Unsurprisingly, the entertainment press and Los Angeles media are doing their bit to undermine the strikers and strengthen the studios. Variety, described by one blogger as “nothing more now than the producers’ daily newsletter,” has earned the well-deserved scorn of the writers. A typical article in the days leading up to the strike was headlined, “Studios well stocked for strike—It would take months for majors to feel impact,” and began, “Hollywood’s film studios won’t be hitting the panic button anytime soon.”

In an article published on the eve of the strike, “WGA may delay strike—Guild leaders could hold off until next week,” reporter Dave McNary could hardly conceal his contempt for the writers. He began by calling into question their commitment to their cause, “As might be expected from showbiz writers, the WGA is probably going to push back its deadline.” The article proceeded to suggest that the union had issued lies about the companies’ contract proposals and that “the WGA’s rhetoric has aroused animosity from other guilds, who point out the WGA has negotiated in an atmosphere of isolation,” and then cited the comment of a veteran show business attorney to the effect that the union was “just going through the motions” and essentially refusing to bargain.

An LA Times article Wednesday, about the suspension of the production deals by the studios, carried the headline “Strike about to cost jobs,” and the underline, “Studios move to halt production deals, which would hit rank and file.” The media, who ignore the existence of lower-paid workers at every other time, inevitably discover that someone is suffering when a struggle erupts. The article notes the categories of employees who face possible layoff and adds that they will be “joining their better-paid bosses who opted to sacrifice paychecks as members of the Writers Guild of America.” The Times goes on, “Now, in addition to having writers going without pay, many other entertainment industry employees will have to worry about their car payments and rent.”

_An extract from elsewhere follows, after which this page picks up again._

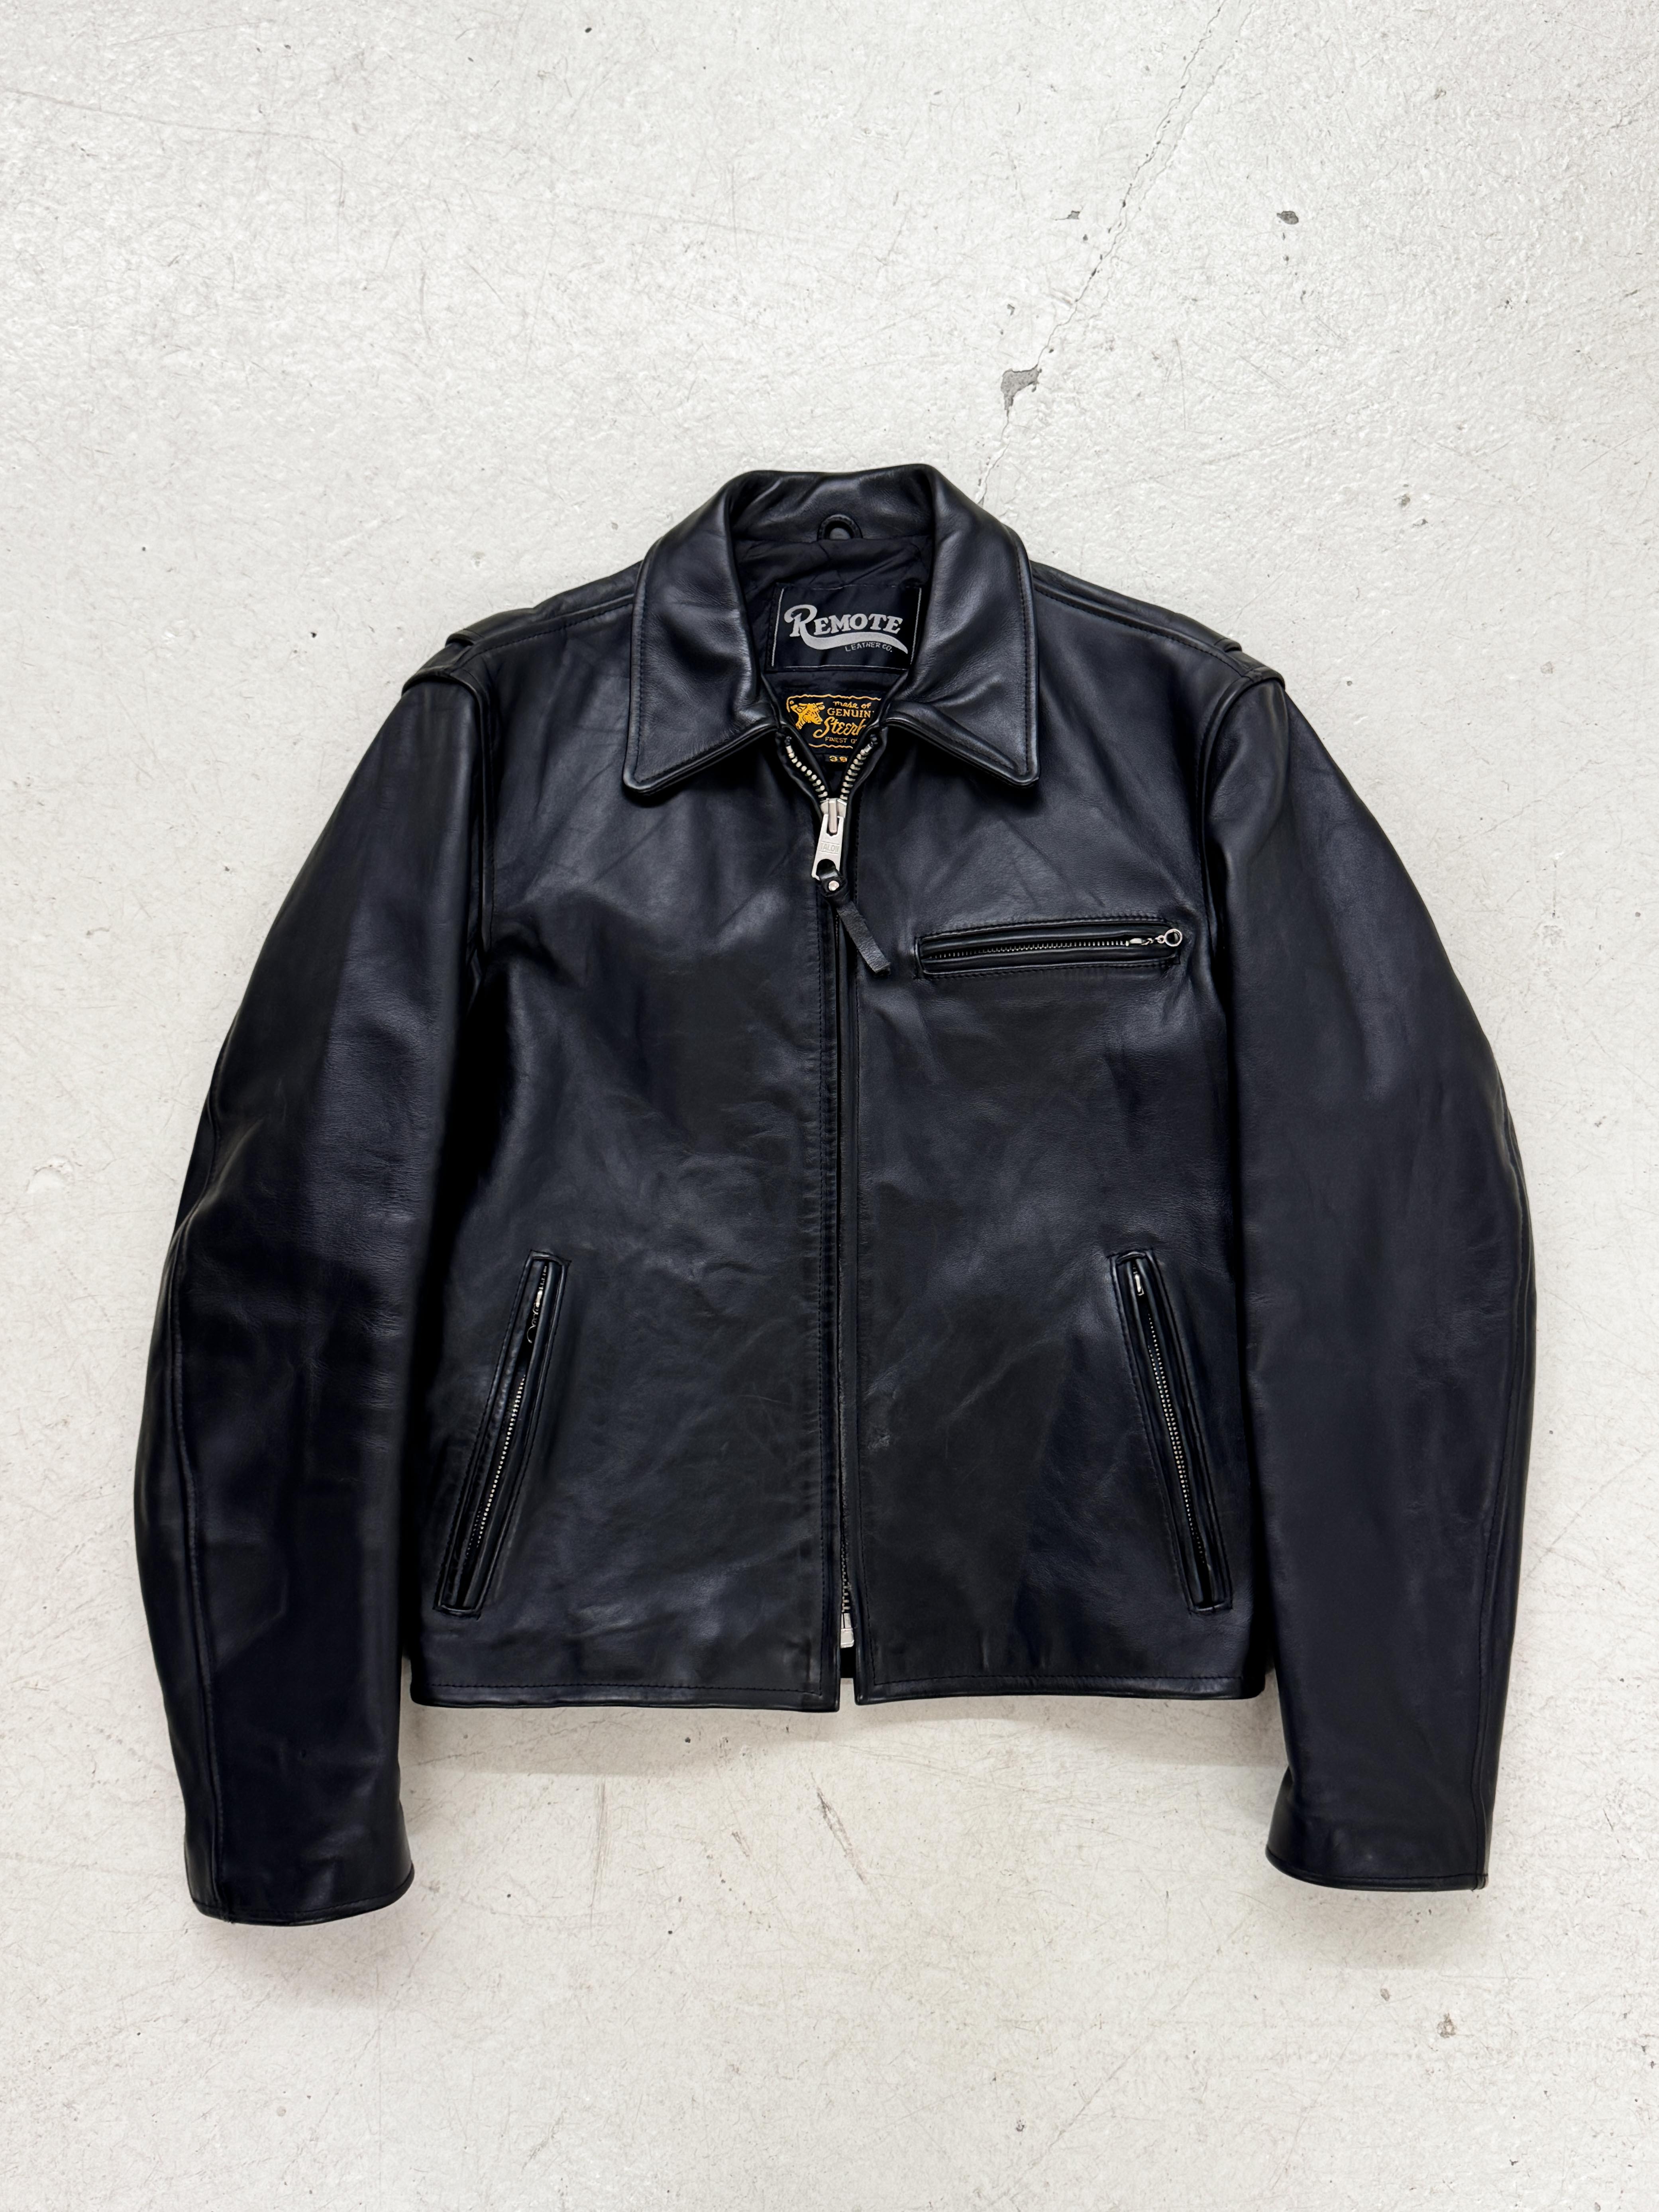 Remote leather jacket

An Associated Press piece, “Writers Strike Hits Hollywood Workers,” takes the same approach, citing the example of Jean Hodges, “a food stylist who cooks burgers, turkey dinners and other prop food for use on sets of such TV shows as NBC’s ‘Chuck’ and ABC’s ‘Brothers & Sisters.’” Hodges told the AP, “If there is a trickle-down, I am at the absolute bottom of the list.” However, the piece goes on to acknowledge, “Like many ‘below the line’ workers who make far less than writers, actors and directors, Hodges sympathizes with the push by writers for a bigger cut of money from DVD sales and shows offered on the Internet.”